Raw data START
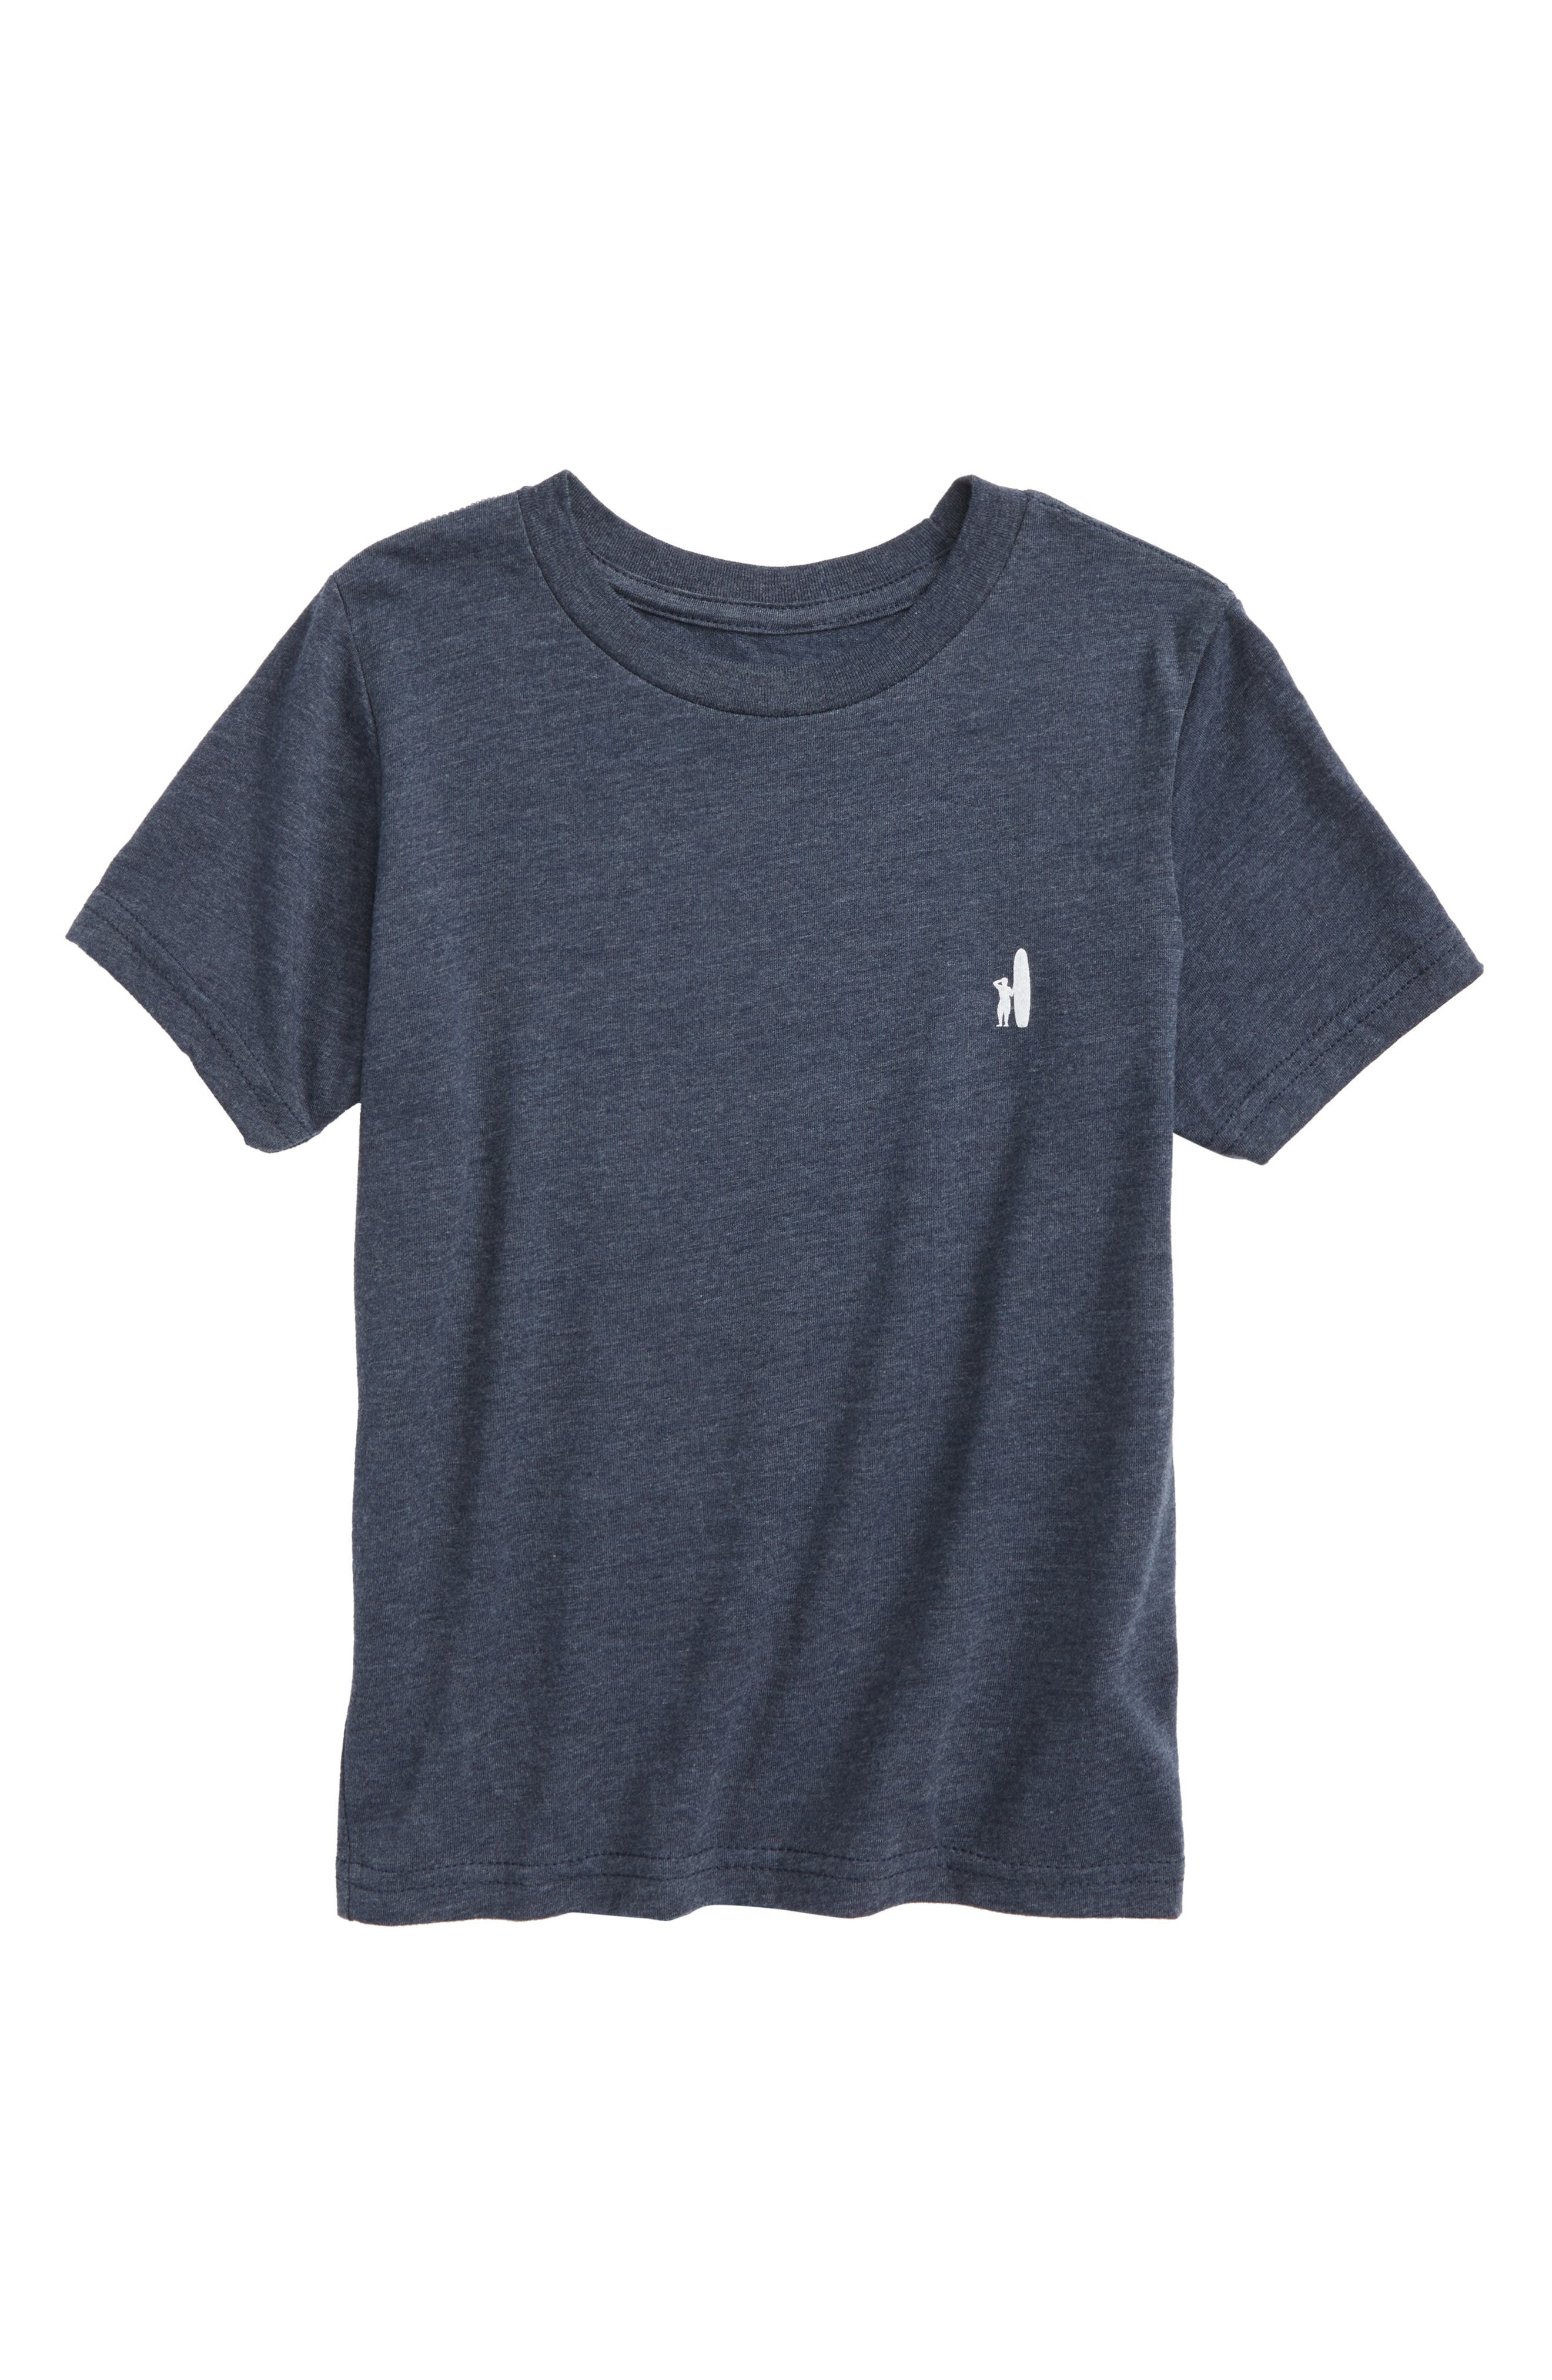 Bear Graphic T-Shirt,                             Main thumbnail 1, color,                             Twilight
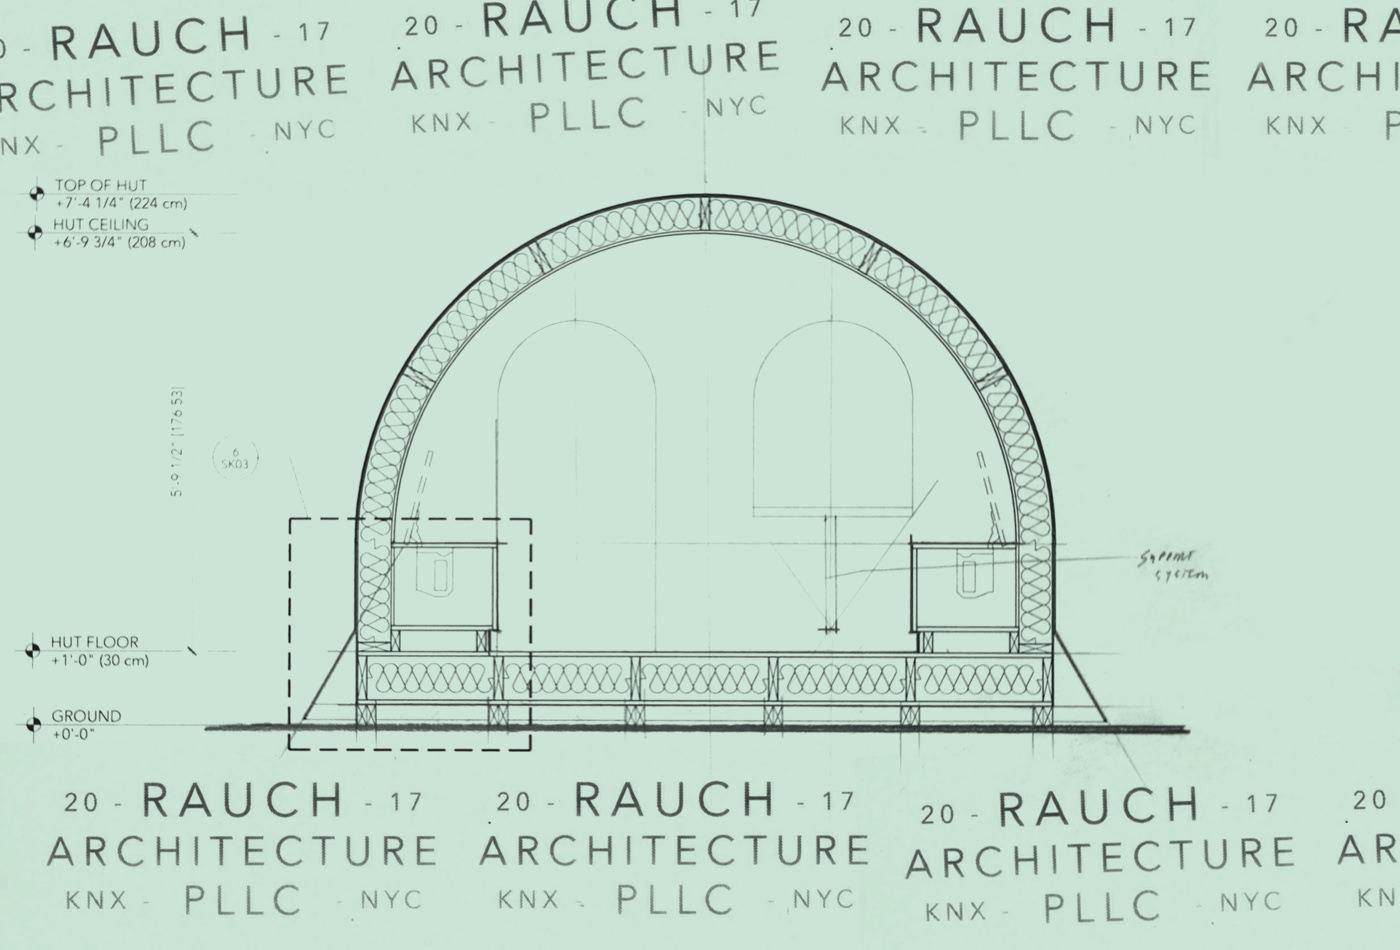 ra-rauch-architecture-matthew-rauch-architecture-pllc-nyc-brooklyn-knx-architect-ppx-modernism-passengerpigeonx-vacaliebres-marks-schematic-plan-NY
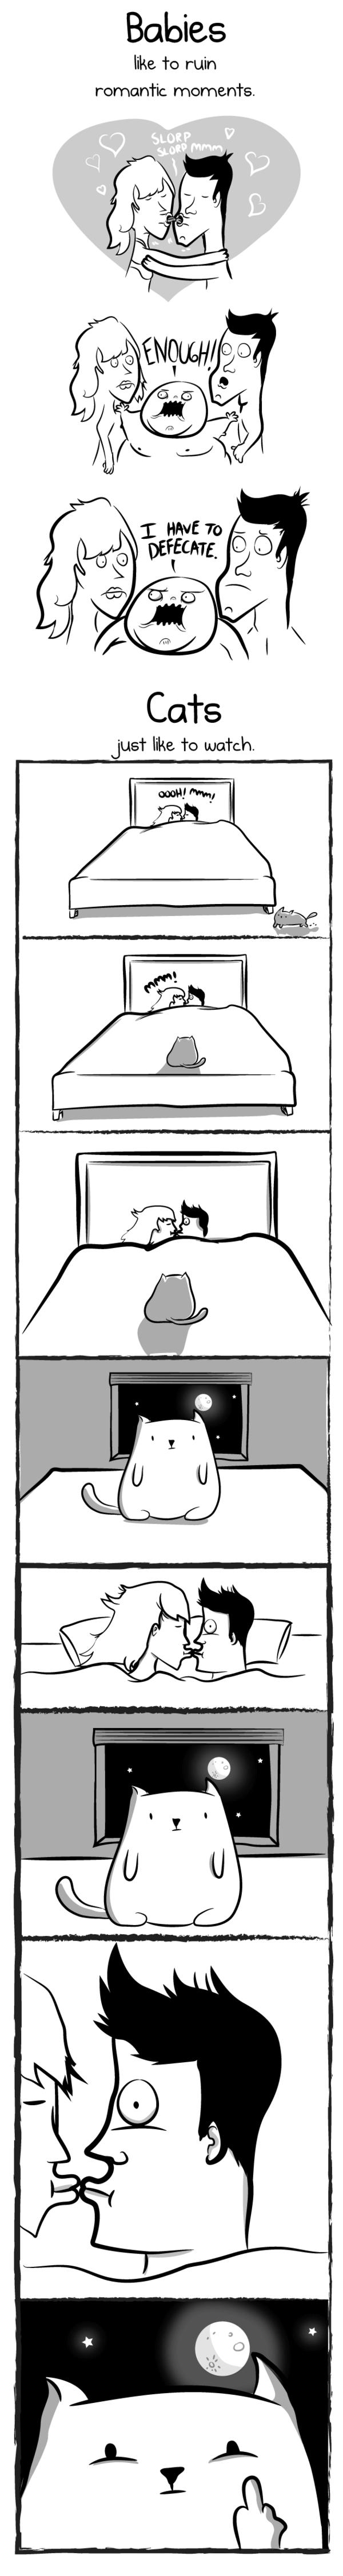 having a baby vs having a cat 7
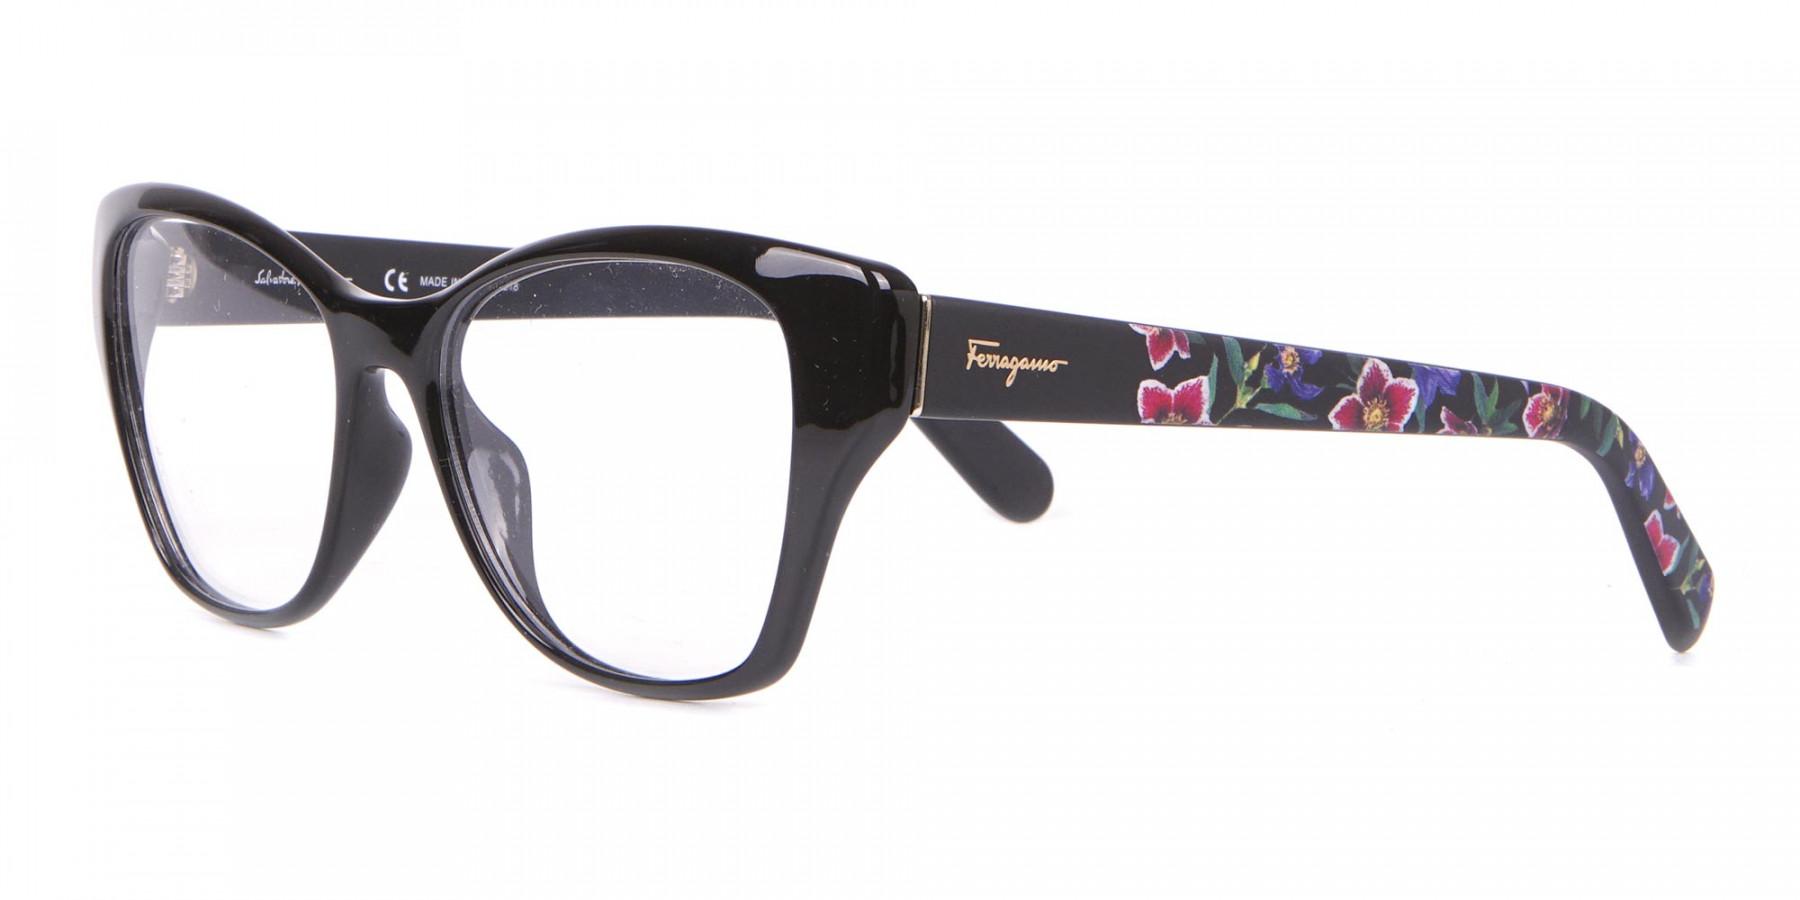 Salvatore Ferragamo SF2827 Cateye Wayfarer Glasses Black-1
Raw data END
Give the data again exactly. Keep the images out.

> **Exercise result**:
 Bear Graphic T-Shirt,                             Main thumbnail 1, color,                             Twilight
 ra-rauch-architecture-matthew-rauch-architecture-pllc-nyc-brooklyn-knx-architect-ppx-modernism-passengerpigeonx-vacaliebres-marks-schematic-plan-NY
 having a baby vs having a cat 7
 Salvatore Ferragamo SF2827 Cateye Wayfarer Glasses Black-1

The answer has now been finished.